What kind of Industrial we talking about?

TG or SP?


----------



## caringcapacity (Sep 22, 2009)

i must seek thee industrial truth no judging good and evil
ultimate force 
pro death

industrial RIP
1976-2009


----------



## TakeWalker (Sep 22, 2009)

Industrial = IDM/EDM/EBM/IBM?

Or were you just looking for harsh noise?


----------



## Abyssopelagic (Sep 23, 2009)

I'm going to continue posting harsh noise in the industrial section (since the genres are not so distant in relation) until we get, AT LEAST, some sort of experimental music category. Having a noise category would be just WONDERFUL but I don't see it happening any fucking time soon.


----------



## jinxtigr (Sep 27, 2009)

http://www.furaffinity.net/view/2146654/


----------



## caringcapacity (Sep 27, 2009)

"right to kill"

http://www.furaffinity.net/view/2844039/


for death


----------



## Kiffa_kitmouse (Oct 3, 2009)

FA needs a _much_ wider selection of genres to choose from for musicians to label their songs. I think this idea was explored at one point by someone on FA staff, and suggestions for new genre listings were requested, but I don't think anything ever came of it.

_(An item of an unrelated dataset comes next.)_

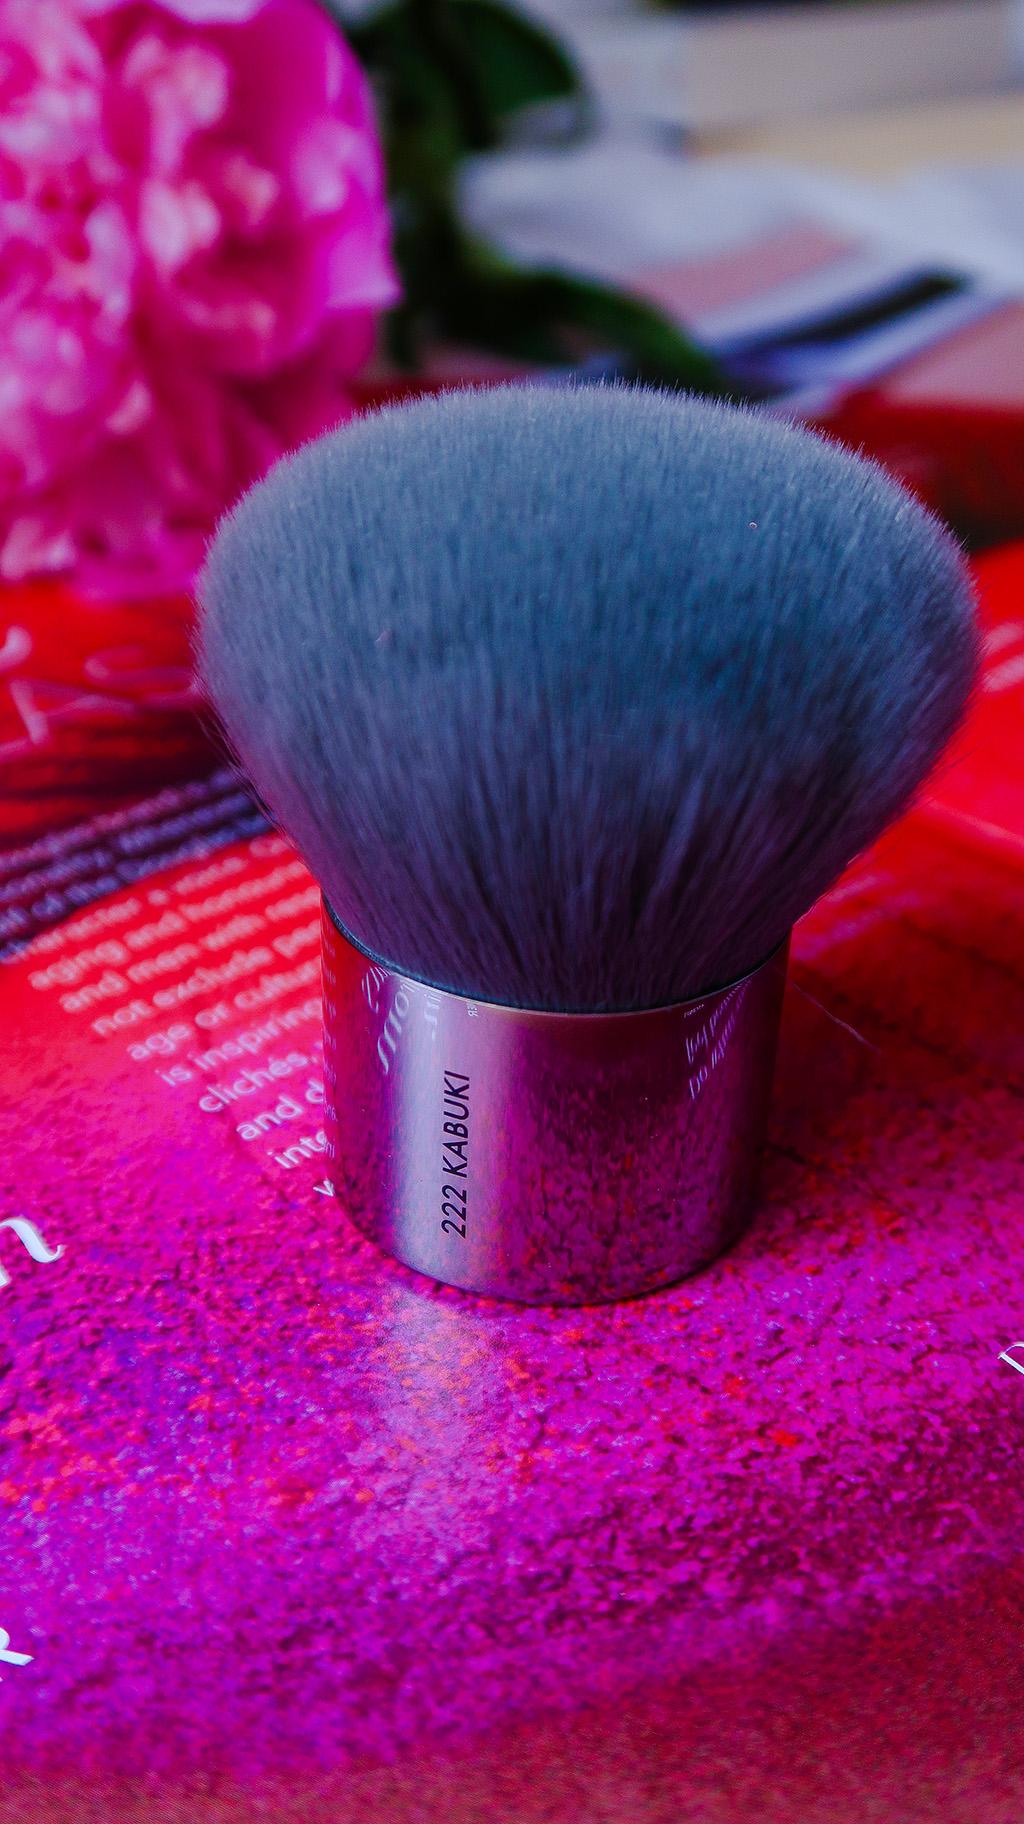 haul beauty douglas constanta mascara bronzer kabuki parfum

It's good that we have the ability to 'custom tag' our songs, but that doesn't do a whole hell of a lot of good unless someone happens to do a search on a term you custom tagged a song with.



Abyssopelagic said:


> I'm going to continue posting harsh noise in the industrial section (since the genres are not so distant in relation) until we get, AT LEAST, some sort of experimental music category. Having a noise category would be just WONDERFUL but I don't see it happening any fucking time soon.


----------